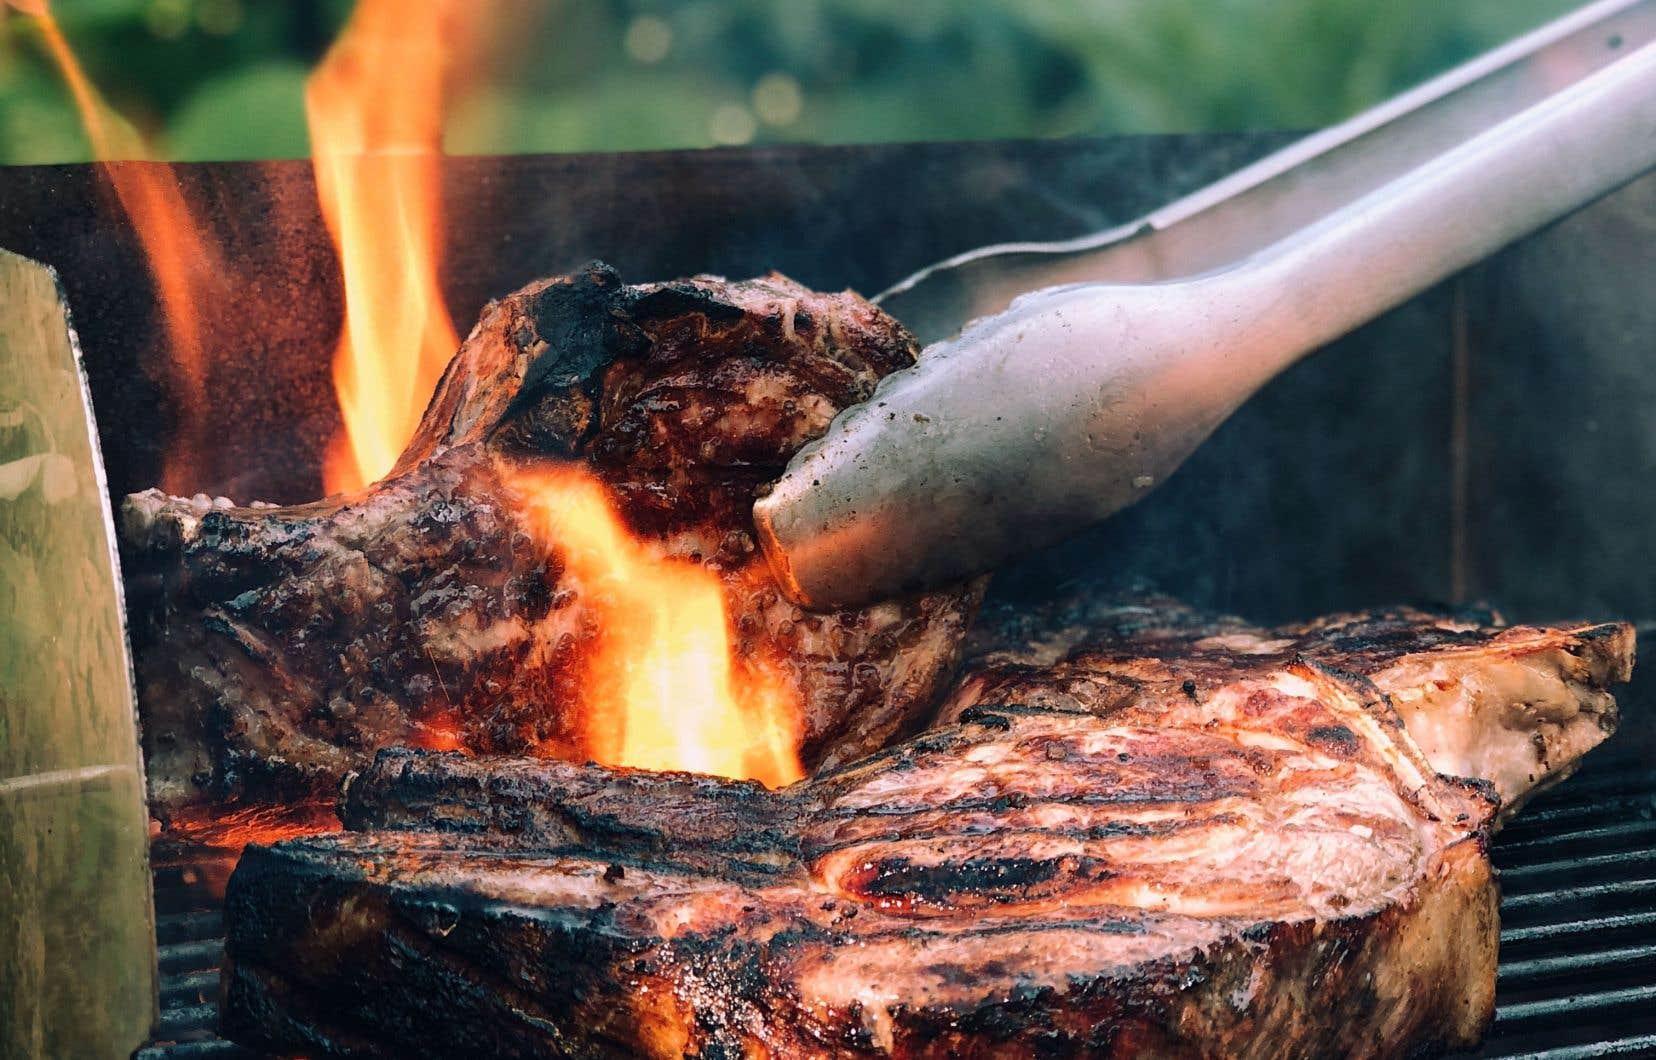 La viande mérite-t-elle vraiment qu'on l'accuse de tous les maux?
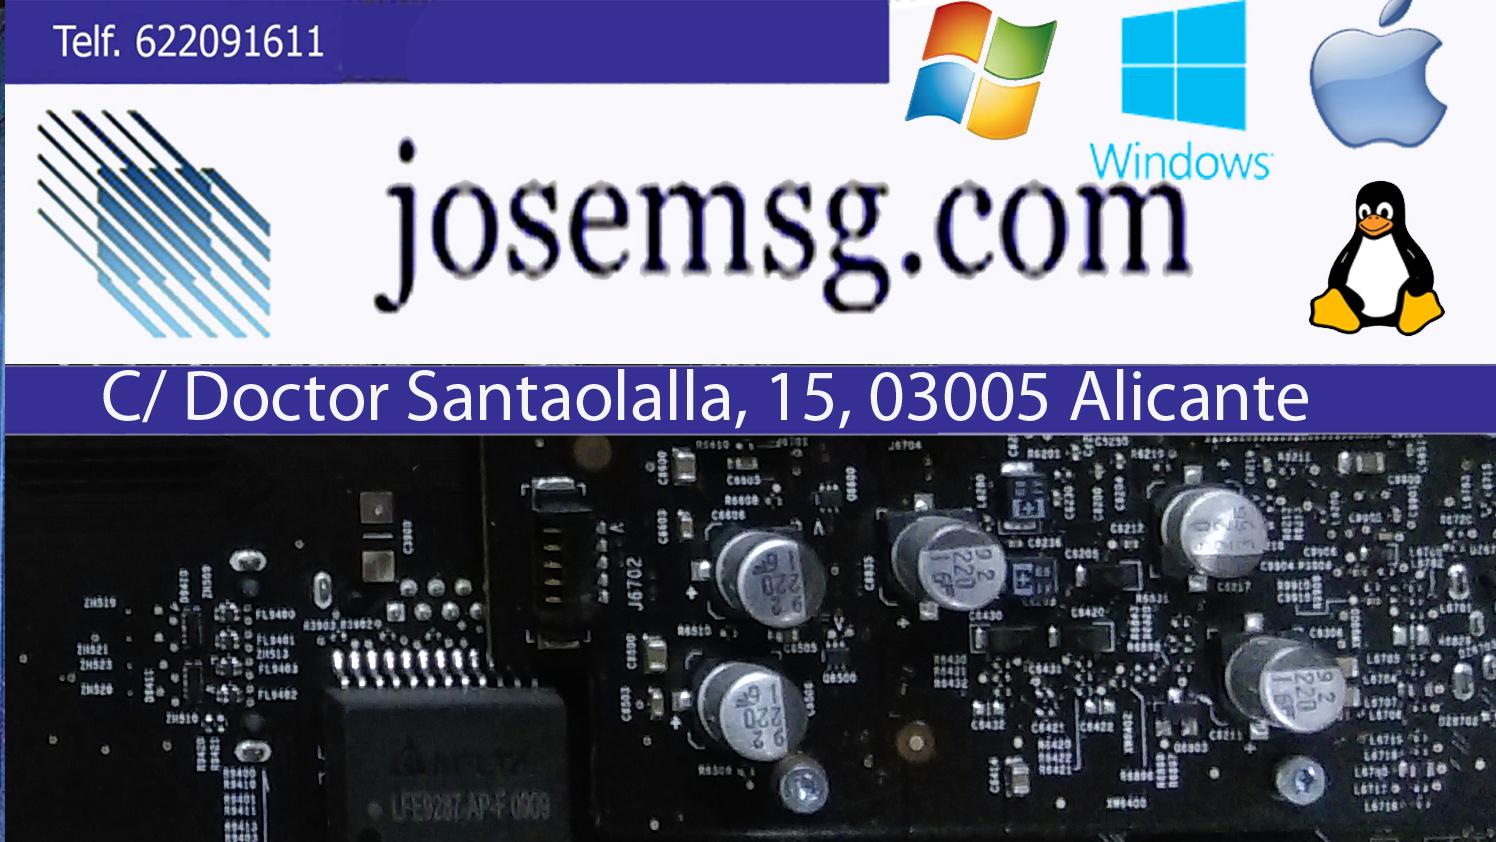 Imagen de JOSEMSG.COM
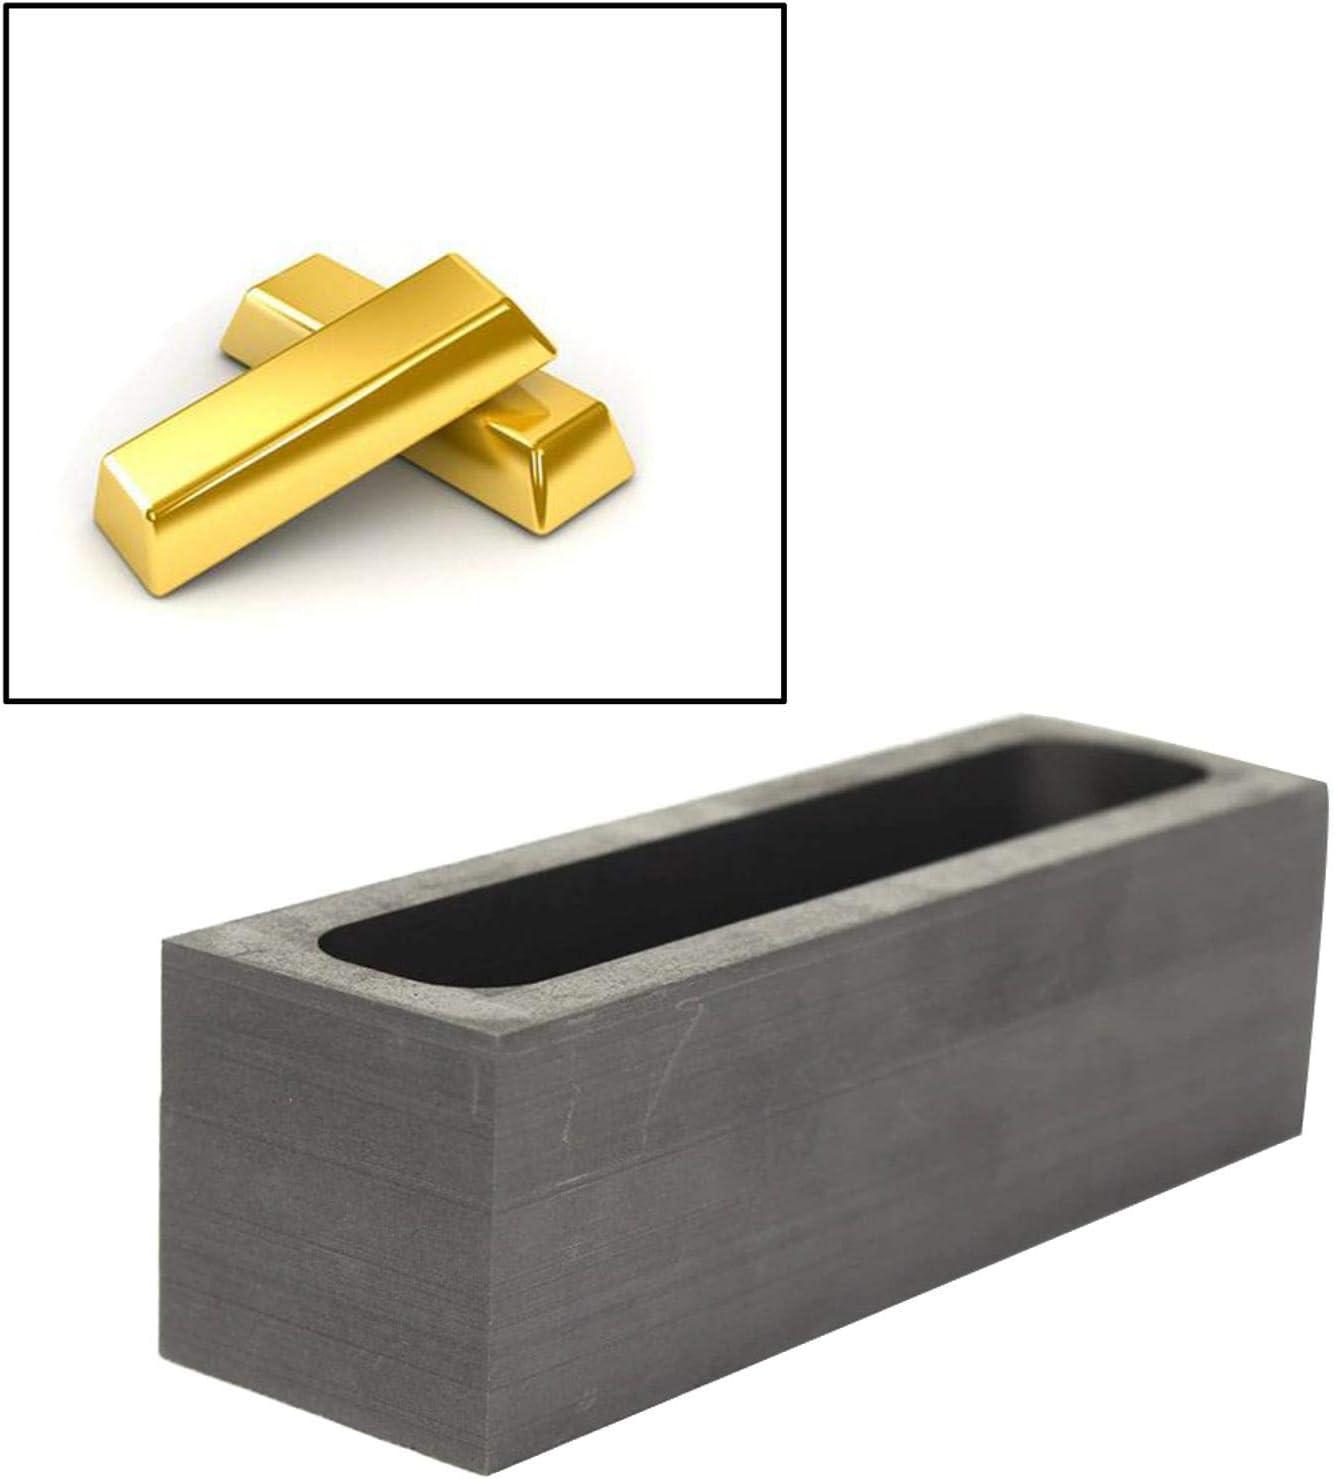 Sharplace Graphit Barren Form Metall Casting Form 100x30x30mm Schmelzen Tiegel Ofen f/ür Gold Silber Aluminium Kupfer Messing Zink Legierung Metalle

• Required action
Omit the pictures. Repeat the rest of the data exactly.

• Output for this task
 La viande mérite-t-elle vraiment qu'on l'accuse de tous les maux?
 Imagen de JOSEMSG.COM
 Sharplace Graphit Barren Form Metall Casting Form 100x30x30mm Schmelzen Tiegel Ofen f/ür Gold Silber Aluminium Kupfer Messing Zink Legierung Metalle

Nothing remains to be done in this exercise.